仮に他人に当てはまるとする。低品質の訳文の供給があったとして、それを活用できるだろうか。活用できるとすると、高品質な訳文を生成できる人の作業の省力化だろう。そのためには、低品質の訳文を土台とすることで、1 から訳文を作成するより、あるいは翻訳メモリや機械翻訳を使うよりも省力化できなければならない。直感的には、そうでもない気がする。仮に省力化に使えるとしても、高品質な訳文を生成できる人の供給が 0 に近ければ、1.x を掛けても誤差だろう。

*1:良い機会というのは、かつて同じ時期に同じ研究室にいた人がいま翻訳ネタで話題になっていること。

*2:そもそも論を言い出したら、私にとって他人の価値観はわからないものである。

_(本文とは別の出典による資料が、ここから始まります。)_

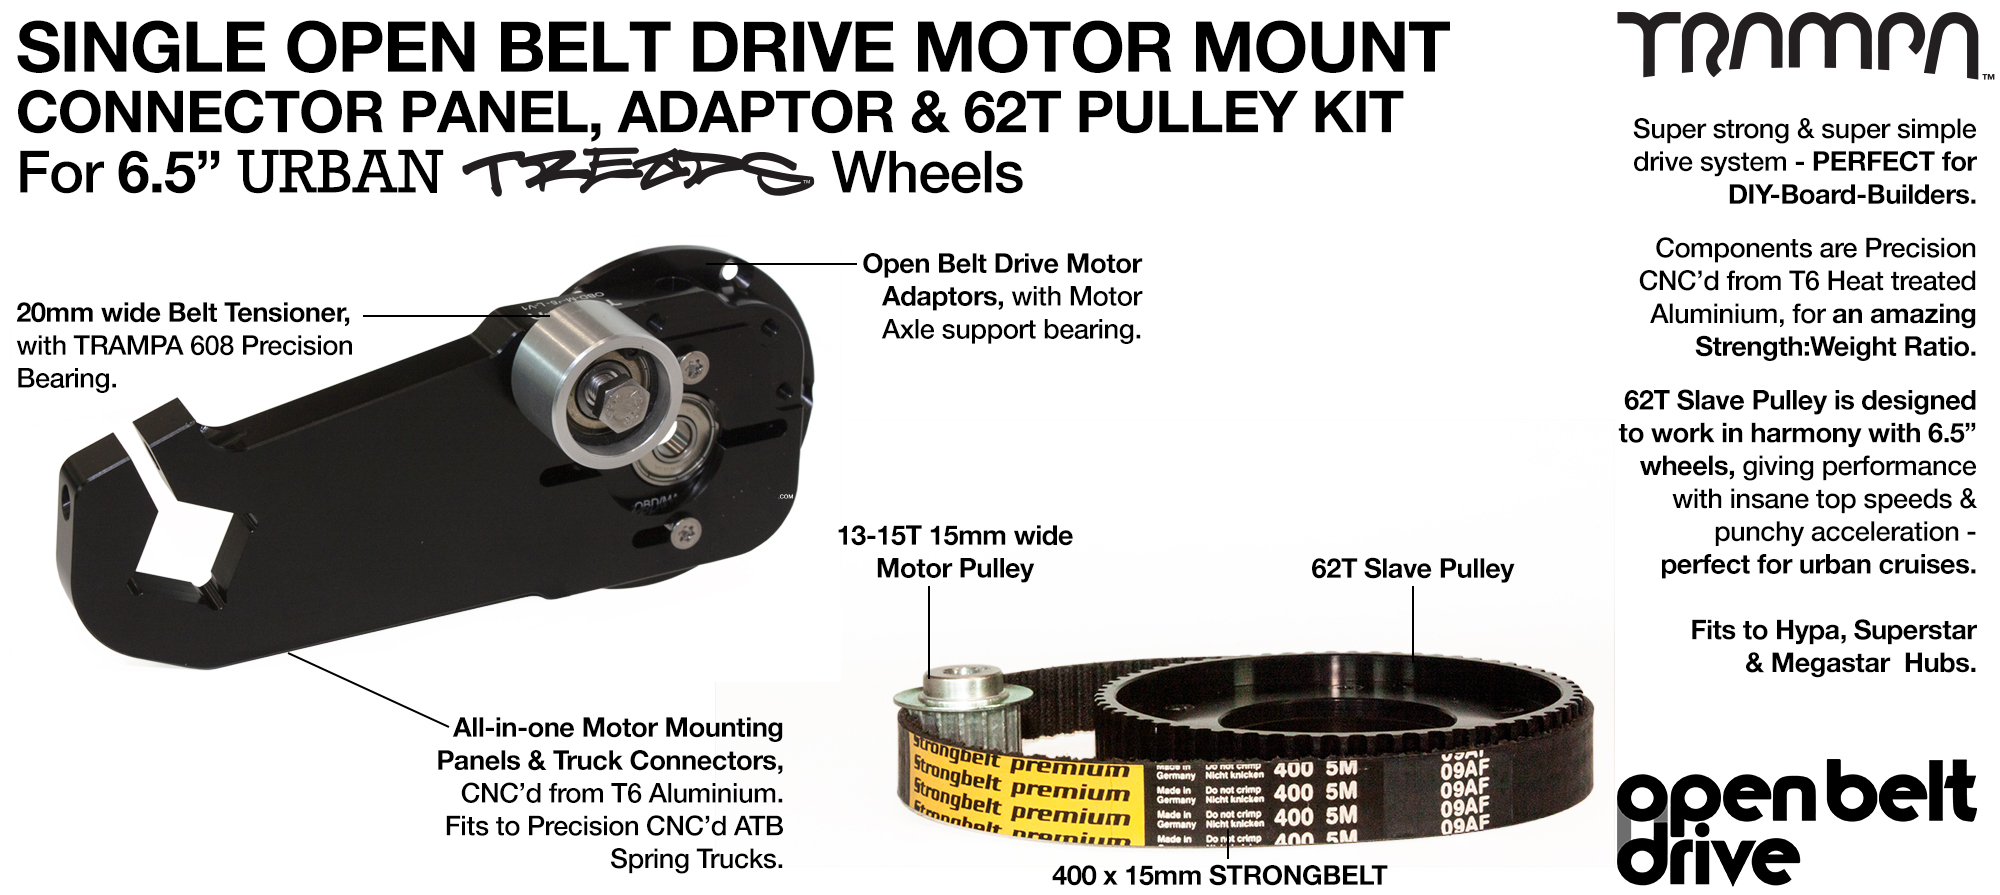 66T OBD Motor Mount & 62 tooth Pulley - SINGLE
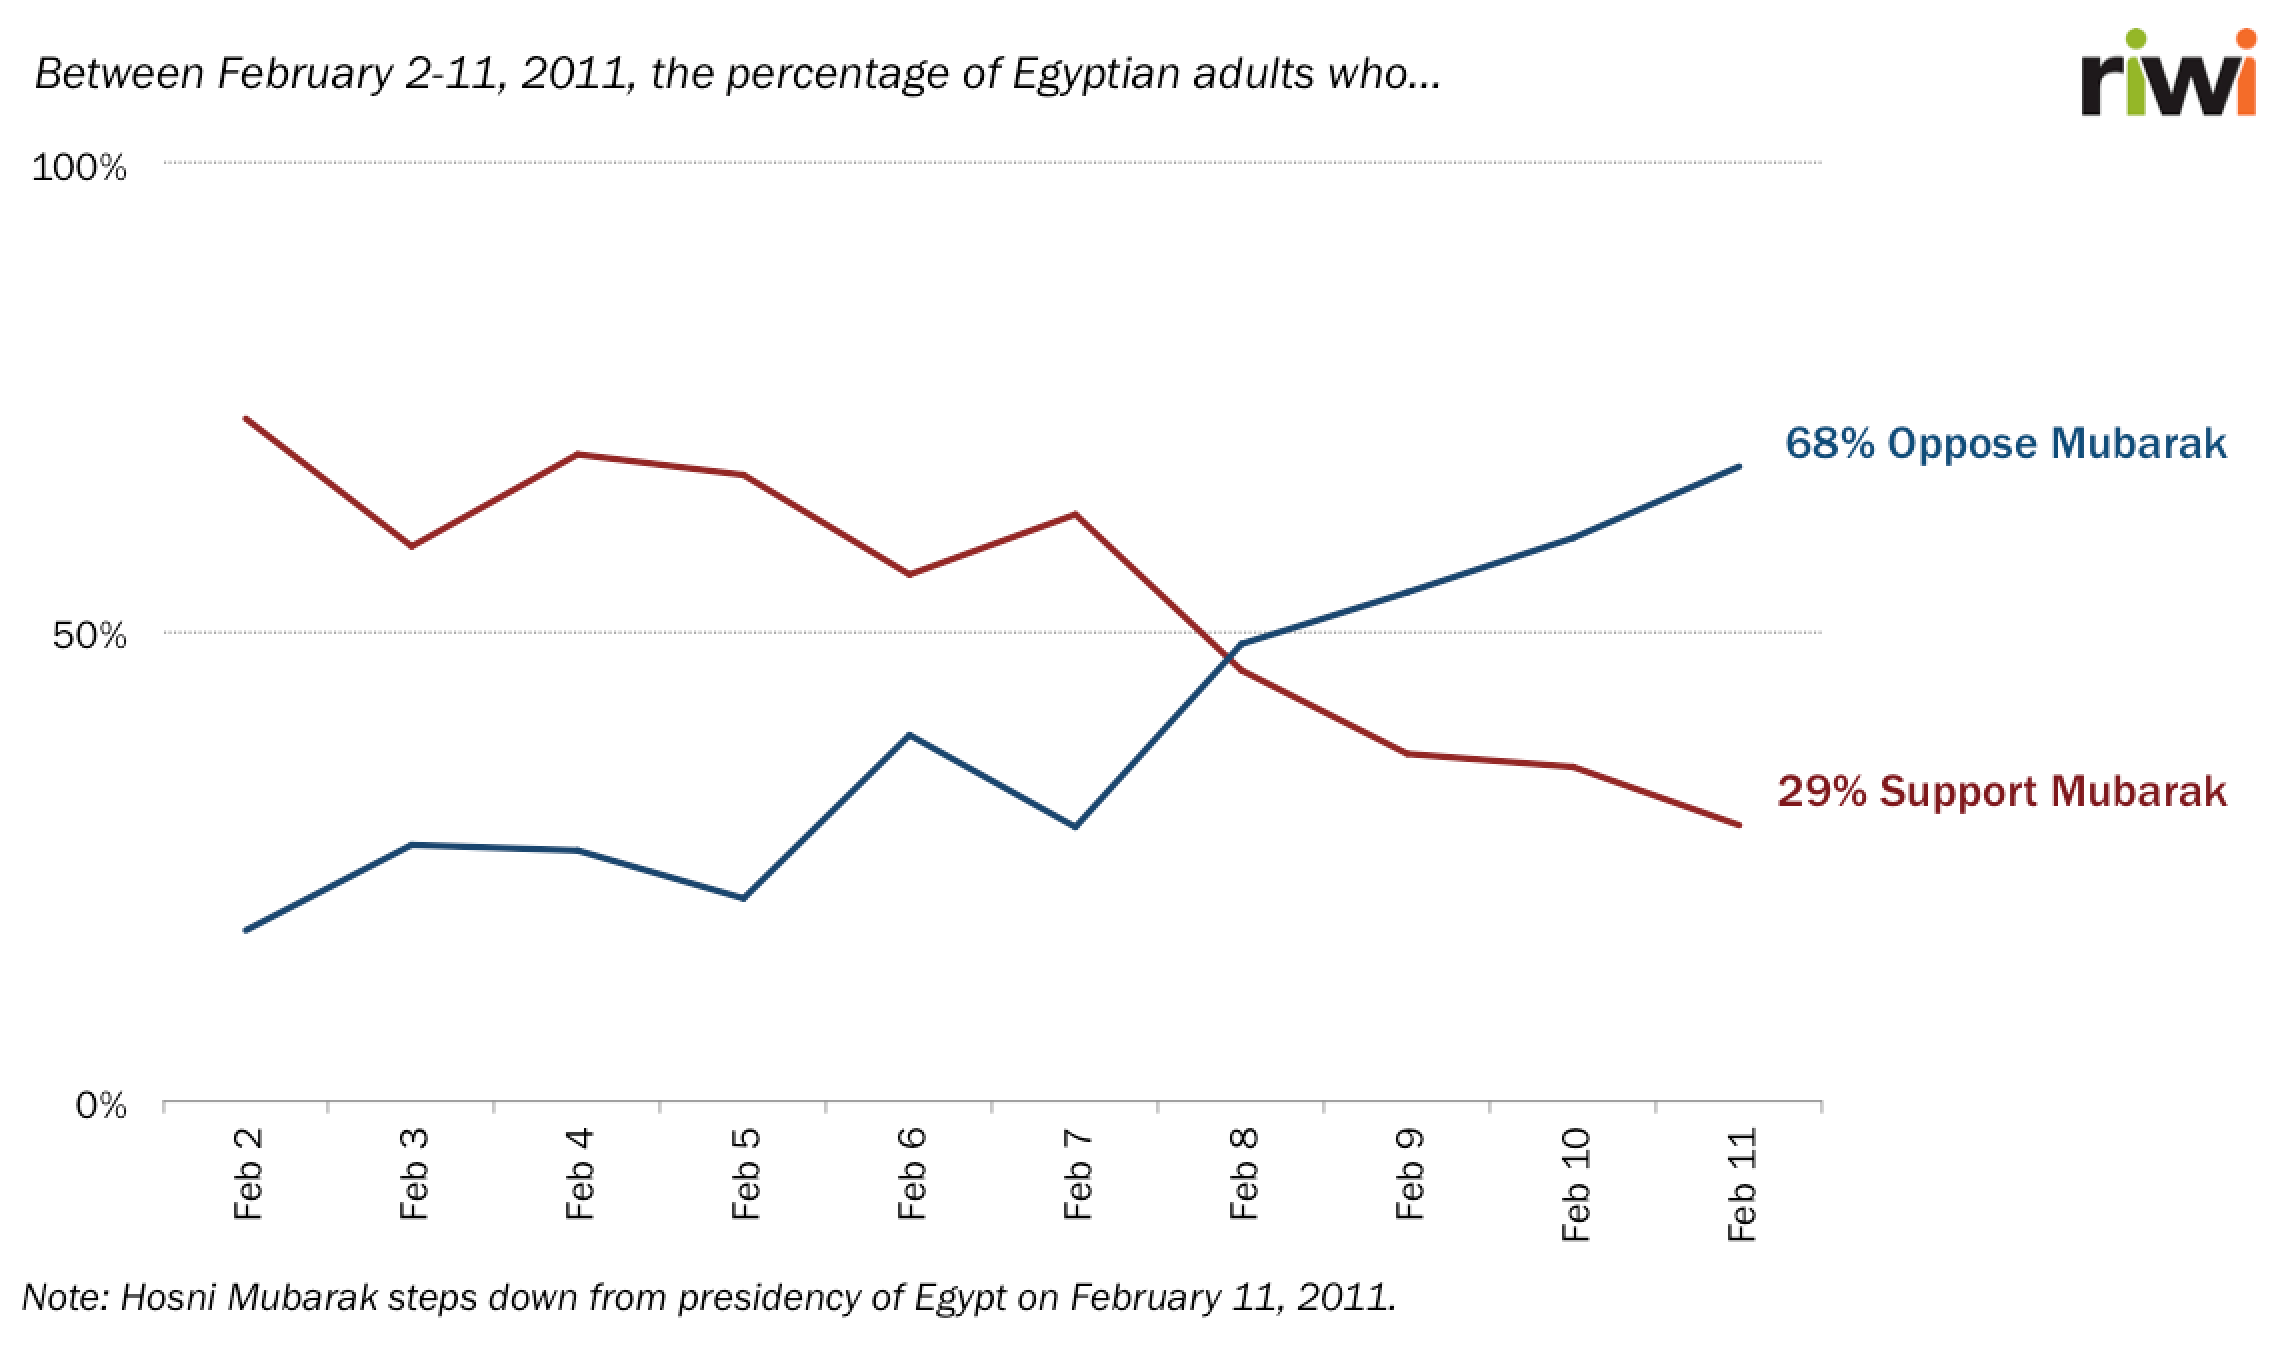 Percentage of Egyptian adults who support/oppose Mubarak

他人が良いと評価するものが良いとは思えないし、自分が良いと思うものを他人は評価しない。なぜそうなってしまったのかわからないが、現状そうなっていることは認識している。

*3:質の良い訳文を作るには、原文を理解することが不可欠だが、それだけでは充分ではない。意味が理解できても、適切な訳文を思いつかないことは多々ある。

*4:ついでに言えば金銭も私を突き動かさない。そうでなければ大学に残るという愚かな選択はしなかっただろう。